# 2nd craft show



## Gixxerjoe04 (May 9, 2015)

Got my second craft show this weekend and figured I'd show off what all I've been working on the past few weeks. Got a wide selection of stuff. Bread boards, serving trays, magnetic bottle openers, pens, bow ties bottle openers and pallet wine racks. Started out slow, didn't sell anything for almost 2 hours but traffic of people seemed pretty slow. But it picked up a lot and did pretty well by the end of the day, of course I don't know what people consider good monetarily wise for a show. My first show I did one of my neighbors, kids are the worst at shows. Today every time kids came in they touched every freaking thing and especially pens, one kid picked up a nice rollerball pen and decided to twist the wrong way until it messed it up, hoping I can fix it. Really wanted to say something but I didn't and just moved them away but gosh kids are annoying at shows.
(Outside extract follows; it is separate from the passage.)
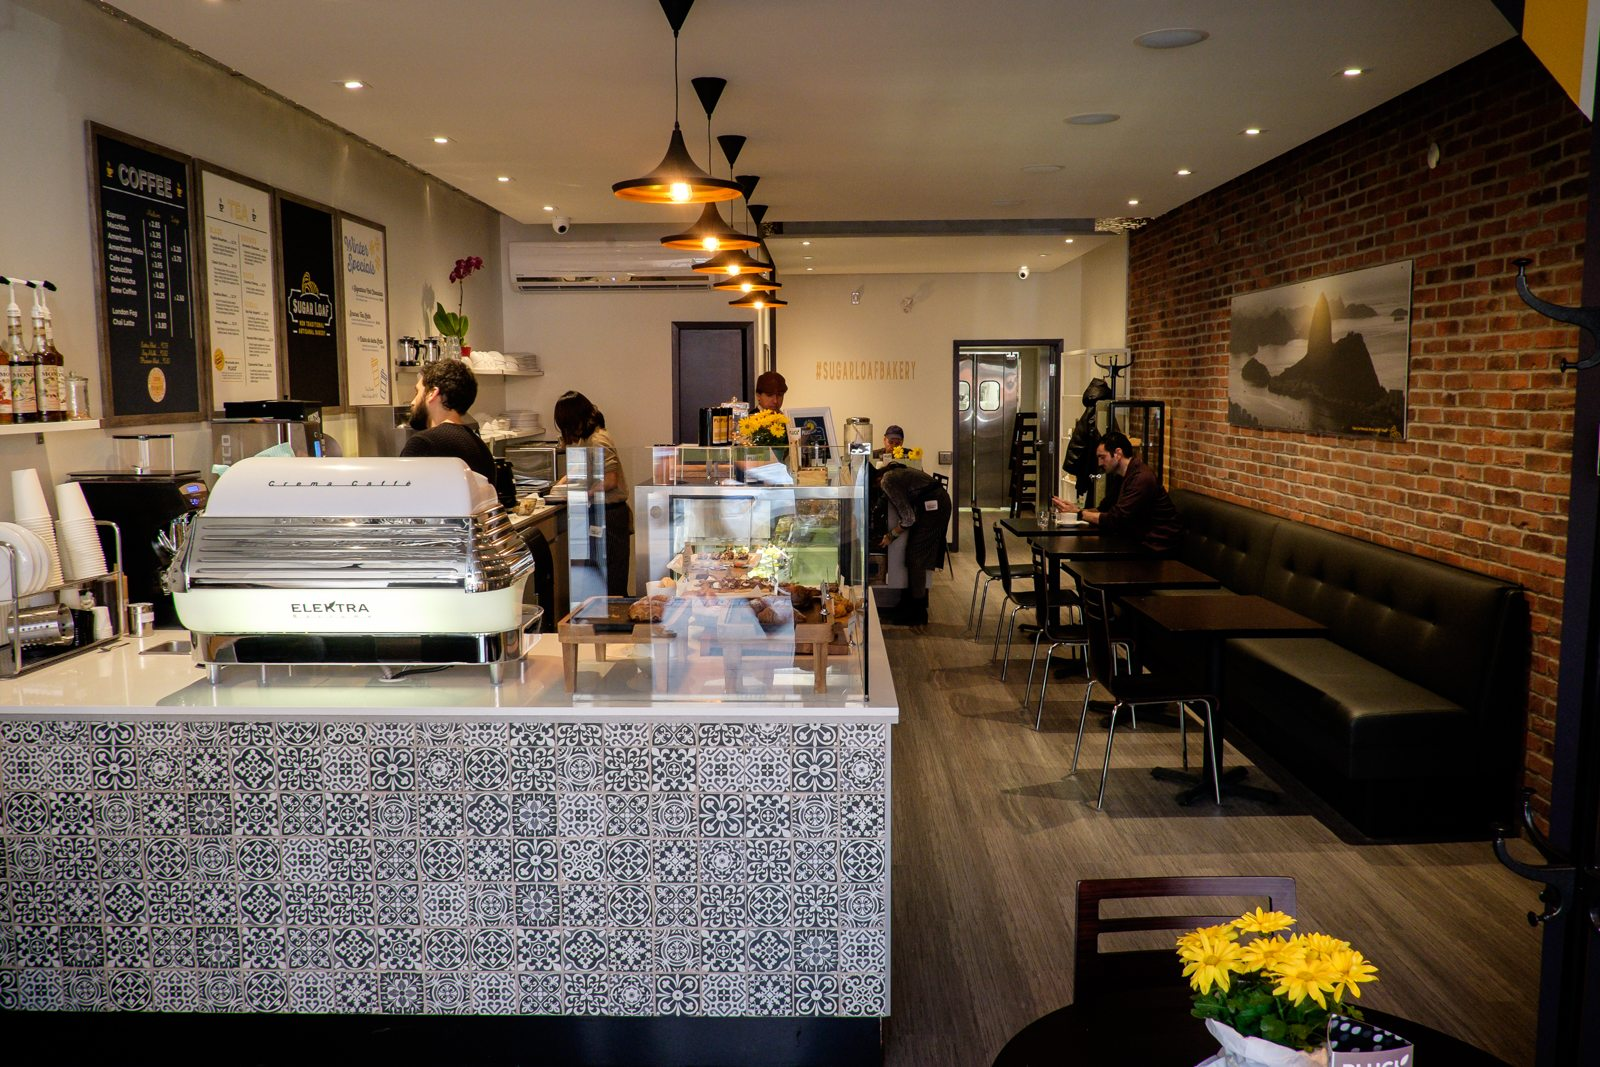 toronto-bakeries-cafes-sugar-loaf-bakery-leslieville-interior

Sold a handful but if you want people to stop into your spot, make wooden bow ties and they will haha.

Reactions: Like 7 | Way Cool 5


----------



## JR Custom Calls (May 9, 2015)

Emily looks happy that you took her pic.

Reactions: Funny 2


----------



## Gixxerjoe04 (May 9, 2015)

I think she was in the middle of saying "are you taking a picture", if i would have told her she would have ran off.


----------



## davduckman2010 (May 9, 2015)

cool stuff joseph those bread boards and fruit platters are sharp good luck sell a ton

Reactions: Thank You! 1


----------



## NYWoodturner (May 9, 2015)

Joe - Thats one hell of an assortment! You've been busy. Great looking offerings too. No surprise to me you did well. Nice job.


----------



## Sprung (May 9, 2015)

Very nice, Joe! Looks like some great pieces!
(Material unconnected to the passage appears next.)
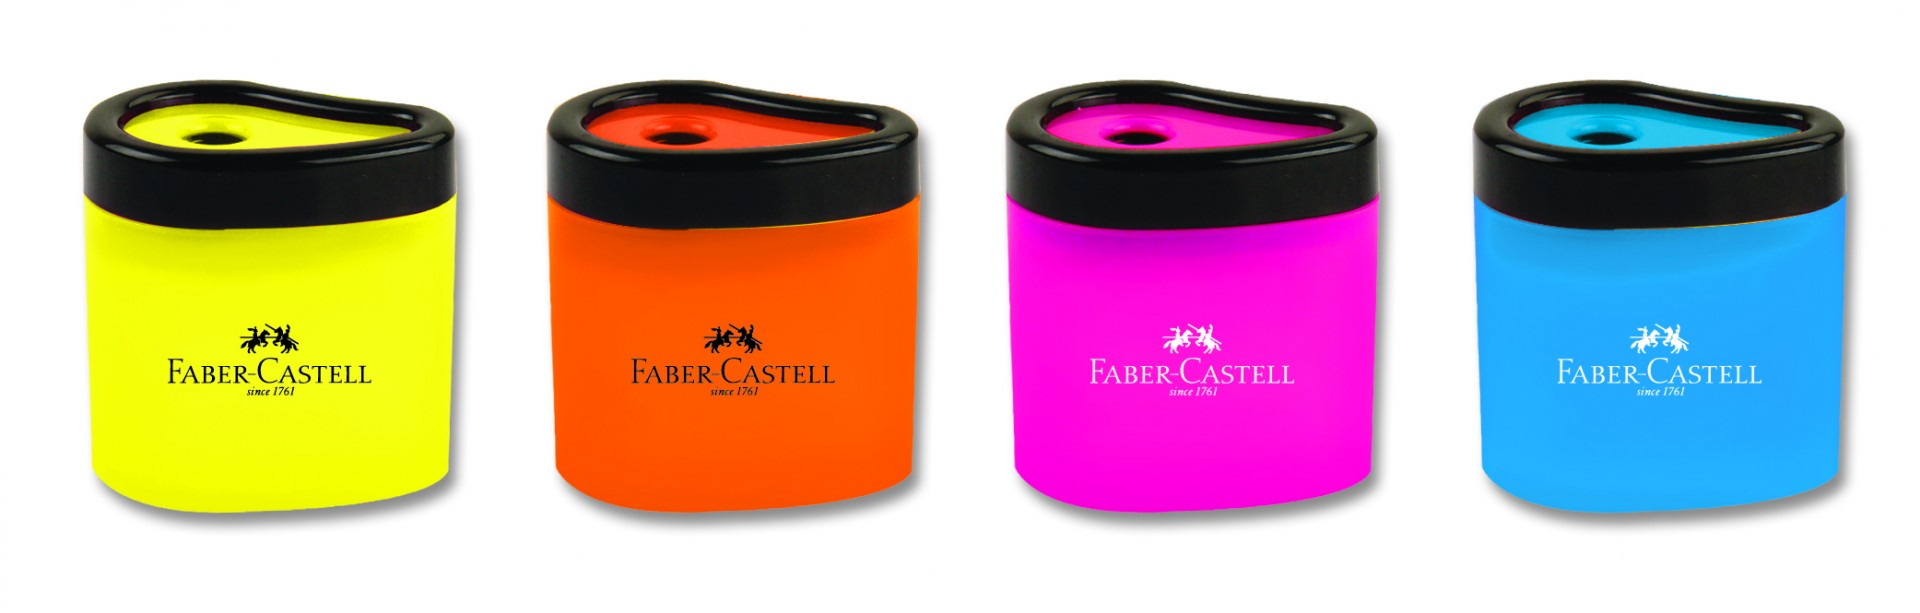 Faber Castell 440000 Damla Şekilli Kalemtraş

BTW - the bottle opener that you've got mounted to the boards - where do you get yours? I've been trying to find a place to buy some and haven't found a good place to yet.


----------



## Gixxerjoe04 (May 9, 2015)

Thanks, I think I have like 12 different different items or variations of an item haha. I hate making the same thing over and over again, don't want to get burnt out. Plus having only a couple of things like only cutting boards or pens, if the person didn't come there wanting that they'll move on quick, having a bunch of different stuff to look at helps I think. I think my stuff also stands out because most of the woodworkers who I've seen sell at shows here usually just use plain walnut, cherry and maple for the most part which gets kind of boring. I think throwing in ambrosia maple, some exotics mixed in and curly stuff helps too. One thing I need to learn is quit waiting until the last minute to make everything, yesterday I took off work and did most of my pens and the day before did all of my bowls, I procrastinate way too much haha. The one serving tray I have made of all walnut, it's got a little curl but it's so much darker than most of my walnut it just looks awesome, I've got one 8 foot board and like half of one left, right at a crotch piece at the top with sap and tons of curl, afraid to use the rest haha.


----------



## Gixxerjoe04 (May 9, 2015)

Sprung said:


> Very nice, Joe! Looks like some great pieces!
> 
> BTW - the bottle opener that you've got mounted to the boards - where do you get yours? I've been trying to find a place to buy some and haven't found a good place to yet.



Are you talking about the bottle opener part? If so I assume you aren't talking about the UK one haha, but I get the black ones at hobby lobby, usually on sale for like 50% off which makes them cost $1.50, cheapest you can find them anywhere.

Reactions: Thank You! 1


----------



## Sprung (May 9, 2015)

Gixxerjoe04 said:


> Are you talking about the bottle opener part? If so I assume you aren't talking about the UK one haha, but I get the black ones at hobby lobby, usually on sale for like 50% off which makes them cost $1.50, cheapest you can find them anywhere.



Thanks! Going to have to try and find them the next time I get dragged into Hobby Lobby. (And, yes, the black ones, lol!)


----------



## barry richardson (May 9, 2015)

Wow, you've been busy! lots of nice looking stuff. I found shows were always a crap shoot, hope you did well...


----------



## Nature Man (May 9, 2015)

Can't believe you procrastinated what with all the projects you had on display! Great assortment -- something for everyone! Chuck


----------



## Tony (May 9, 2015)

If you did all that last minute I'd hate to see what you can crank out in 2 weeks! Nice assortment, I really like those bread boards of yours! Tony


----------



## Gixxerjoe04 (May 10, 2015)

Well I consider last minute right at 2 weeks haha, I work full time so it's a lot of stuff to get done in a couple weeks working after work and on the weekends. Can be kind of stressful having to finish stuff up late but it's nice all the complements I get, if complements could help buy more tools haha.


----------



## manbuckwal (May 10, 2015)

Awesome array of wood goodies Joe ! I like the handles on your bread boards, nice touch .


----------



## Tony (May 10, 2015)

Joe, I fully understand! I work 60+ at my job, then try to get some woodworking done after that! Tony


----------



## Gixxerjoe04 (May 10, 2015)

Finally done and everything put up, freaking pooped but was a good time. Didn't do as well today as yesterday but was close, before costs I made almost 12 times the booth fee, so was def profitable for the weekend. Had tons of cards taken and got my name out there a lot which will hopefully lead to future sales.

Reactions: Like 3 | Way Cool 1


----------